The bad thing was bad, in part, because it resisted logical analysis. Aaron Swartz had no criminal record. His alleged crime was neither violent nor actively malicious. Swartz returned everything he had downloaded, and JSTOR, conscious of its public image, told prosecutors that it did not want to see him jailed. Yet the US Attorney’s Office in Boston had delivered a thirteen-count felony indictment and pursued the case with what Swartz and his allies considered disproportionate zeal.
Getting caught inside an irrational, inflexible system—one that made no provisions for his own exceptionalism—was one of Swartz’s great fears. He had fled from most of the hierarchies he had encountered during his life. High school, college, the business world: he departed all three prematurely, after finding himself unable to accept their partitions and constraints. The Department of Justice was yet another sclerotic institution, best withdrawn from rather than withstood. But a defendant cannot unilaterally withdraw from a criminal indictment, and that was perhaps the worst, most frustrating thing about Swartz’s legal situation: he couldn’t improve it, and he couldn’t escape it.
In 2013, Swartz’s friend Seth Schoen wrote about Swartz’s boundless faith in reason. According to Schoen, Swartz believed he would “fix the world mainly by carefully explaining it to people.”18 Some people, however, didn’t particularly want to have the world explained to them by a dogmatic young man with a flair for polemics. “He’s a young guy who likes to flame,” the software engineer Dave Winer, one of Swartz’s earliest sparring partners, wrote in 2003. “He’s treated me like crap for years, and child or not, I’m tired of it, and I’m not taking it anymore.”19 Though many people thought him brilliant, many others just thought him immature.

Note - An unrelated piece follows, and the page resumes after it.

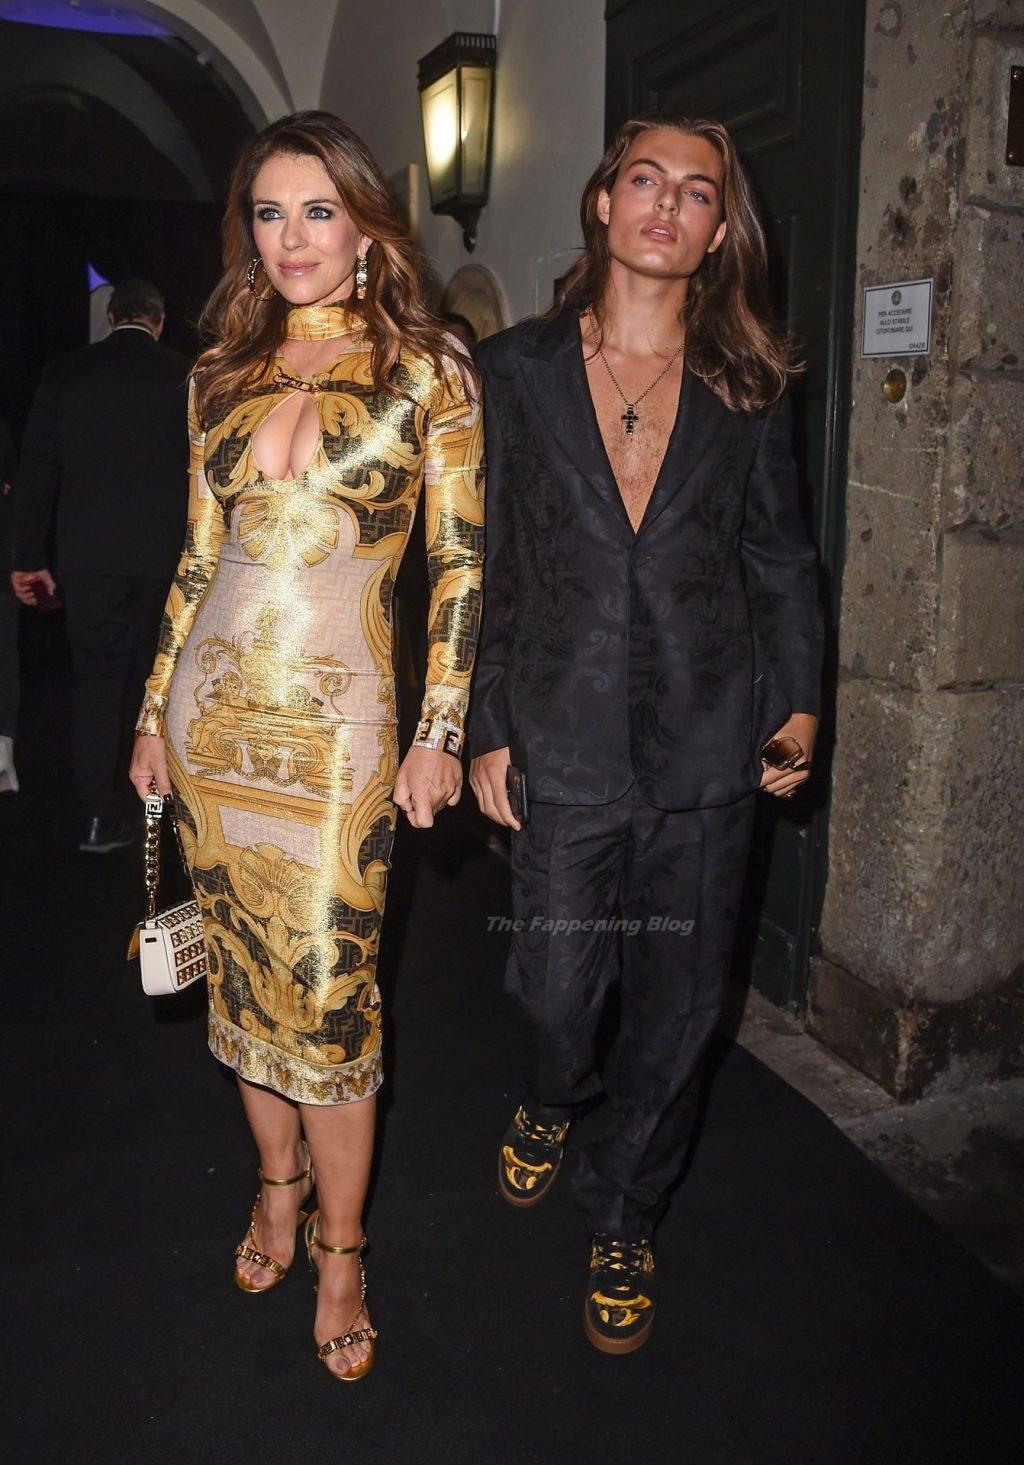 Elizabeth Hurley Flaunts Her Cleavage in Milan (42 Photos)

Swartz could be dramatic and tendentious, prone to provocative overstatement. As a teenager, he questioned the “absurd logic” of laws that banned the distribution and possession of child pornography.20 In 2006, he argued that music was perhaps objectively improving over time, and that Bach’s Well-Tempered Clavier might well be inferior to Aimee Mann’s 2005 album, The Forgotten Arm.21 He eschewed business suits on principle, calling them “the physical evidence of power distance, the entrenchment of a particular form of inequality.”22
“I felt like he certainly had sort of the conviction of youth, in the sense that he was convinced that whatever he was doing at any one time—or at least he sort of projected this—he was absolutely convinced that that was the way to go,” his friend Wes Felter said. “And the thing is that most people sort of outgrow that, and I don’t know if he ever did.”23
Throughout Swartz’s life, simple stimuli routinely elicited complex reactions, and minor aggravations were routinely magnified into moral crises. A pathologically picky eater, Swartz preferred bland, achromatic foods: dry Cheerios, white rice, Pizza Hut’s Personal Pan cheese pizzas. (“This reached its extremes at a World Wide Web conference where all the food was white, even the plate it was on,” Swartz wrote in 2005. “Tim Berners-Lee later pulled my mother aside to share his concerns about this diet.”)24 He suffered from ulcerative colitis, which partially explains his limited palate. But he also told friends he was a “supertaster,” extraordinarily sensitive to flavor, as if his taste buds were constantly moving from a dark room into bright light. His friend Ben Wikler suggested that Swartz was also a “superfeeler,” forever oscillating between emotional extremes.25
On the morning of Friday, January 11, 2013, Swartz seemed particularly morose, in sharp contrast to his earlier optimism. He was slow to rise from bed and told Stinebrickner-Kauffman that he was going to stay home from his job at the global tech consultancy ThoughtWorks. “I said, ‘Well, why don’t I stay home with you, and we’ll go for a hike? We’ll go for a hike today,’ ” Stinebrickner-Kauffman remembered. “And he said no, that he just really wanted to rest, and he needed to be alone.”26
When she got to work, Stinebrickner-Kauffman contacted Wikler and organized a dinner party for that evening, in hopes that the gathering might lift Swartz’s spirits. Wikler had introduced the two of them at the end of 2010, toward the end of Swartz’s relationship with Quinn Norton. “In the first eight weeks that I started dating him, he quit two jobs, broke up with his ex-girlfriend—Quinn—moved from Cambridge to New York, and was indicted,” Stinebrickner-Kauffman recalled. “So it was kind of a big time in his life.”27
Despite these adverse circumstances, a romance flourished between the two. Early in their courtship, Swartz joined Stinebrickner-Kauffman and two mutual friends on a strawberry-picking excursion, much to his evident displeasure. “Strawberry picking wasn’t his idea of a productive way to spend the afternoon,” one of the holidaymakers, Nathan Woodhull, recalled, in a significant understatement. “It was very much Taren’s idea. And I remember joking to her, later, that he must have really liked her.”28
In the spring of 2012, they began to cohabitate, sharing a small apartment near Prospect Park in the Crown Heights neighborhood of Brooklyn. “We would joke about how the two of us would really confuse the census,” Stinebrickner-Kauffman said.29 “We could be reasonably recorded as two unmarried high school dropouts living together in a one-room studio.” As their relationship progressed, Swartz gradually began to bridge the emotional distance that had long set him apart from the world. “Early in our relationship he didn’t want to feel like he was dependent on me in any way,” Stinebrickner-Kauffman remembered. “And I think that changed a lot. I think that he saw us as a pair that could compensate for each other’s strengths and weaknesses.”30 As 2012 drew to a close, their love was stronger than ever before.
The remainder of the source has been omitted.